Talk to your health professional if you have any concerns.

Glitazones for type 2 diabetes

Glitazones is the name of a group of medicines called thiazolidinediones. Glitazones lower blood glucose levels by helping the body to use insulin better by reducing insulin resistance in the tissues of the body. The glitazones are:

  • pioglitazone
  • rosiglitazone (not available as a single medicine, only in combination with metformin)

These medicines are typically prescribed in combination with other oral diabetes medicines. Pioglitazone can be added to metformin or a sulphonylurea. Rosiglitazone can be added to metformin and is available as a combination tablet (Avandamet).

What are the side effects of glitazones?

Glitazones are known to commonly cause:

  • muscle pain
  • water retention and weight gain
  • headaches and dizziness
  • joint pain (arthralgia)
  • hypoglycaemia (low blood sugar)
  • lower iron (haemoglobin) levels in the blood.

Less frequently, bone fractures in women have been linked to glitazones and in rare cases, glitazones can cause heart failure, liver damage and fluid accumulation in the lungs (pulmonary oedema).

Rosiglitazone may increase the risk of a heart attack (myocardial infarction), fluid retention in the eye (diabetic macular oedema) that can affect vision, and increased levels of ‘bad’ LDL cholesterol. Pioglitazone may slightly increase the risk of developing bladder cancer when used for more than 1 year.

Talk to your health professional if you have any concerns.
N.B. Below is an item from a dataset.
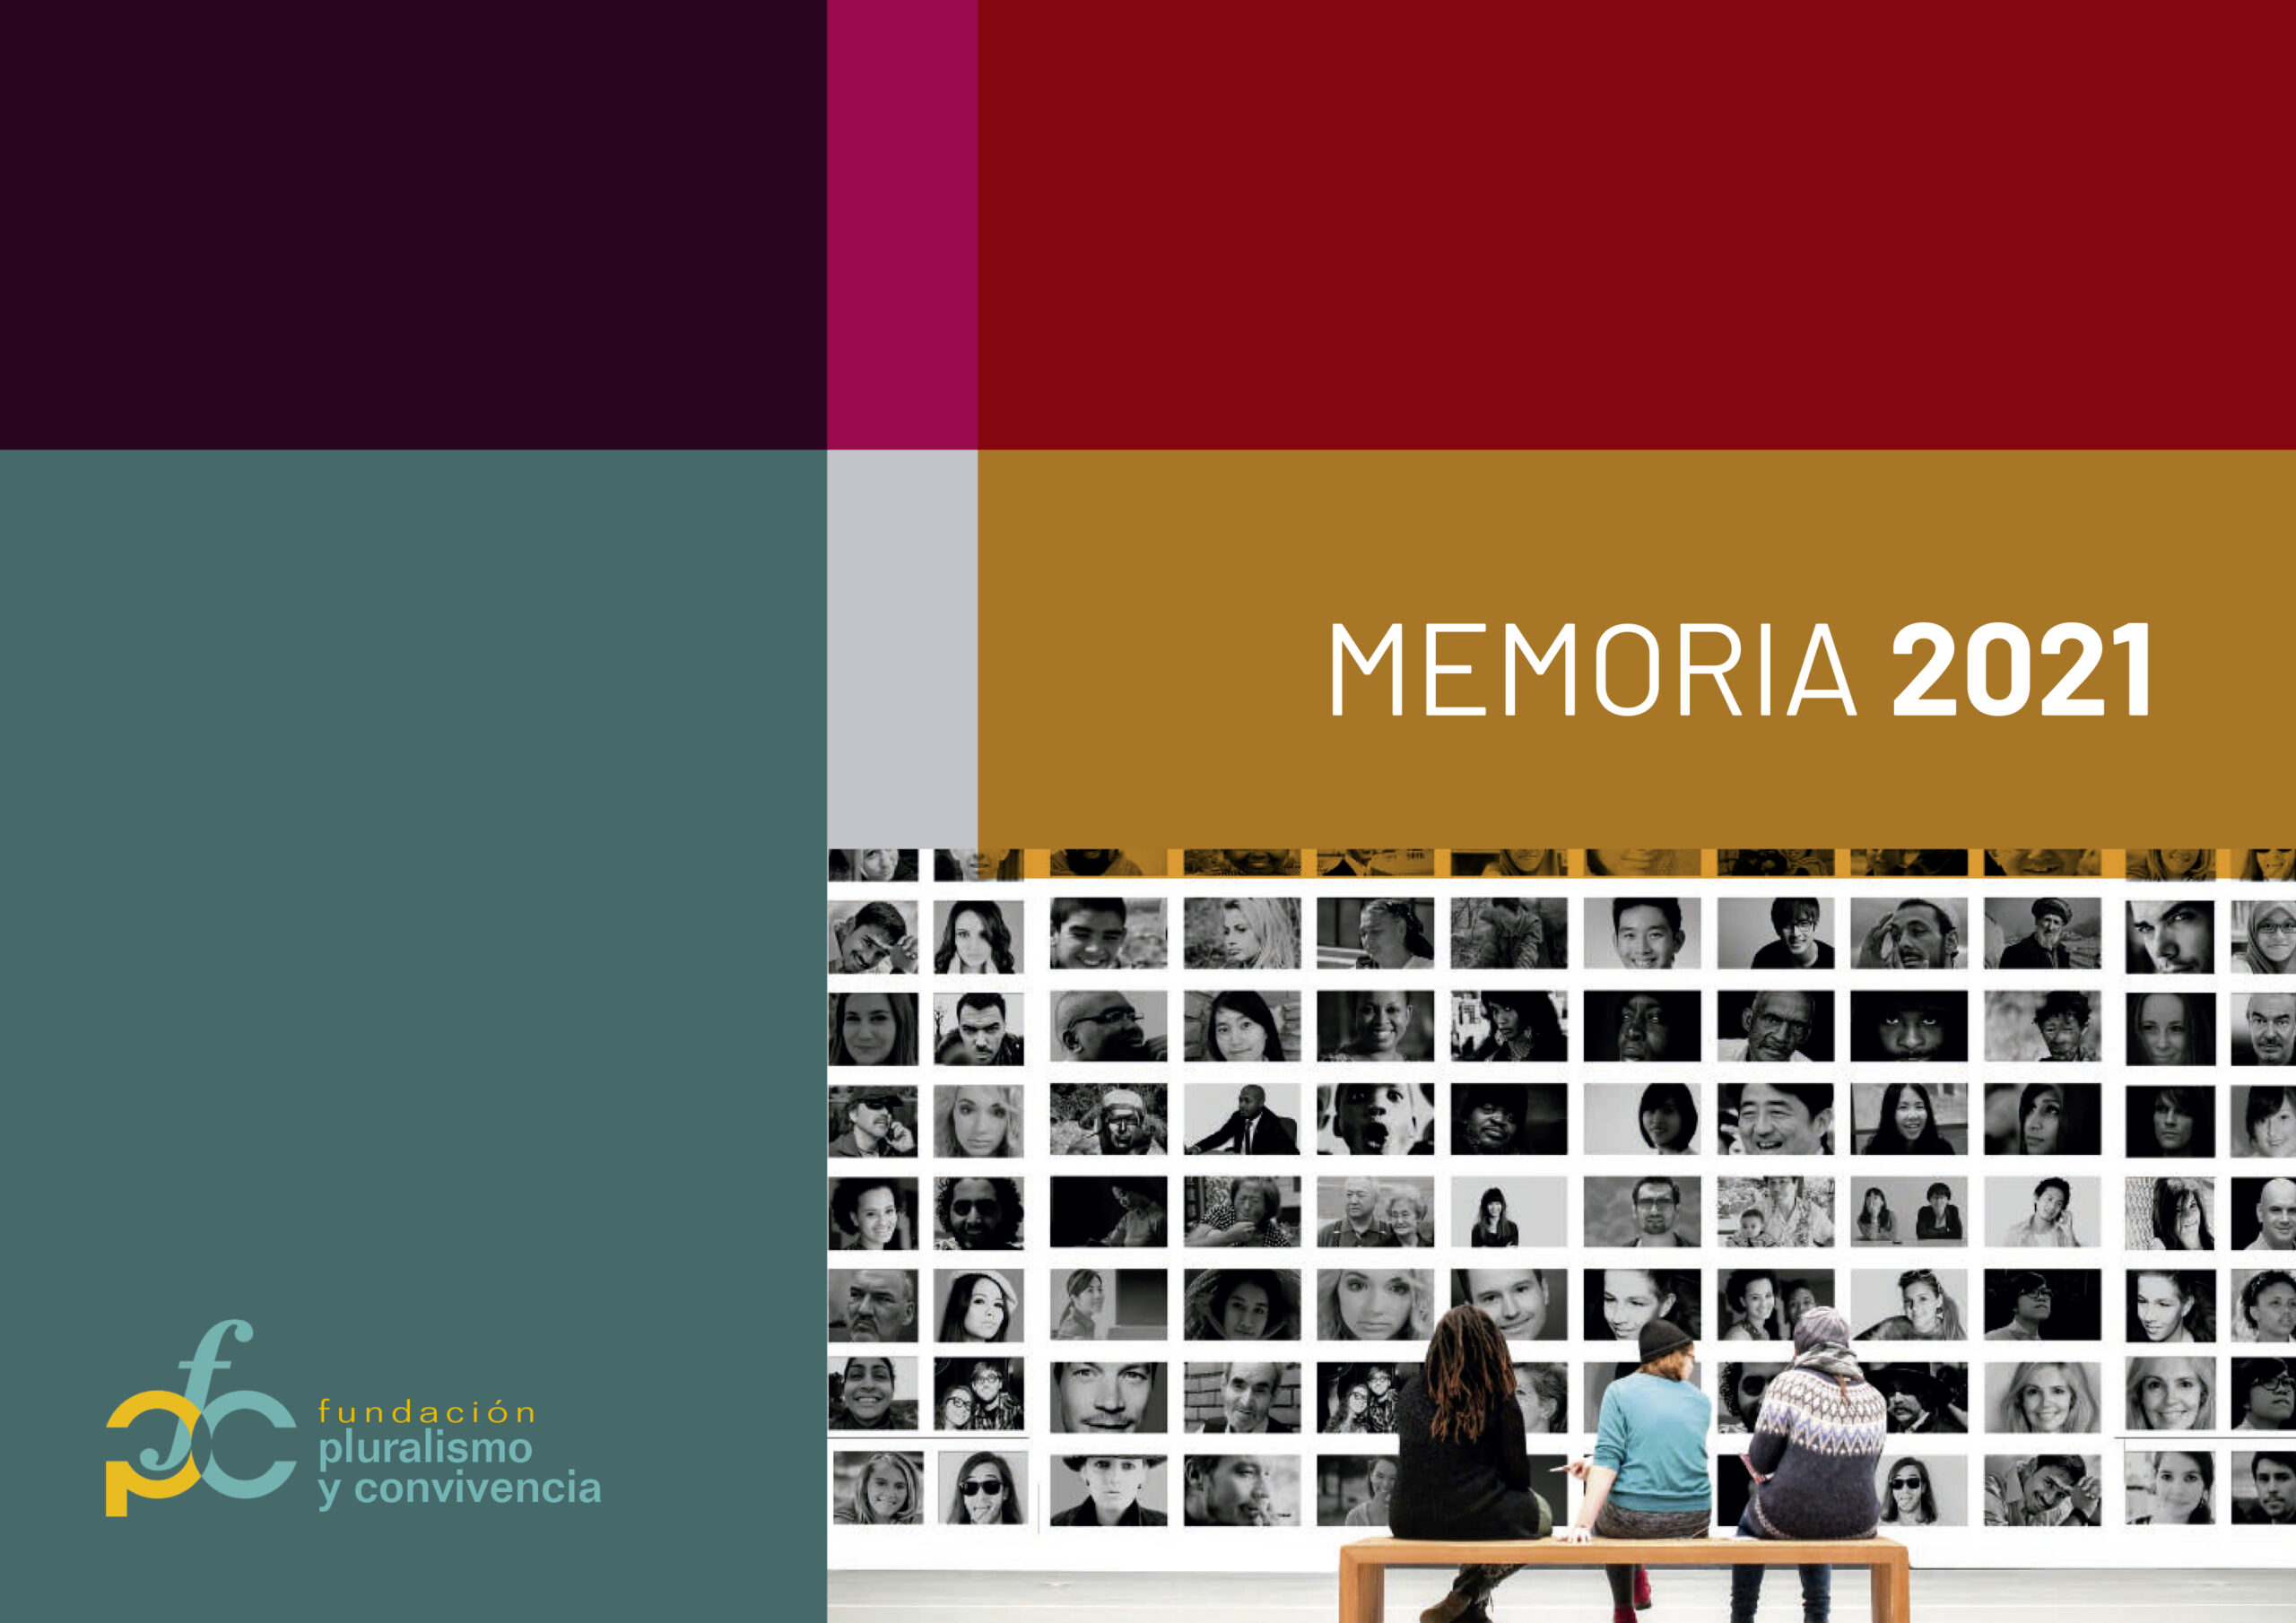 MEMORIA FUNDACIÓN PLURALISMO Y CONVIVENCIA 2021

GLP-1 analogues for type 2 diabetes

Glucagon-like peptide-1 (GLP-1) analogues are a relatively new group of medicines that can be prescribed for treating type 2 diabetes. GLP-1 analogues reduce the level of glucose in the blood by increasing the amount of insulin in the blood, reducing the amount of glucose produced by the liver, and helping the stomach to empty more slowly so that glucose is absorbed more slowly. These medicines are given as injections under the skin (a subcutaneous injection) and are available as pre-filled disposable injector pens. A health professional can demonstrate how to use these pens. GLP-1 analogues are injected before a meal, and should not be used after a meal.

GLP-1 analogue medicines include:

  • exenatide (Byetta) – twice daily dosing
  • exenatide (Bydureon) – once weekly dosing
  • liraglutide (Victoza) – once daily dosing. Liraglutide is not subsidised under the Pharmaceutical Benefits Scheme (PBS)
  • lixisenatide – once daily dosing. Lixisenatide is not subsidised under the PBS.

What are the side effects of GLP-1 analogues?

Compared with metformin, sulfonylureas and insulin, GLP-1 analogues are new diabetes medicines, so their long-term side effects and benefits are still not fully understood. Common side effects of GLP-1 analogues include:

  • nausea and/or vomiting – the nausea will probably subside within a week or two; otherwise, your doctor may decide you need to stop taking the medicine
  • diarrhoea or constipation
  • acid reflux
  • hypoglycaemia (low blood glucose) when used together with a sulfonylurea or insulin.

GLP-1 analogues are usually started at a small dose, and gradually increased to help reduce possible stomach and bowel side effects.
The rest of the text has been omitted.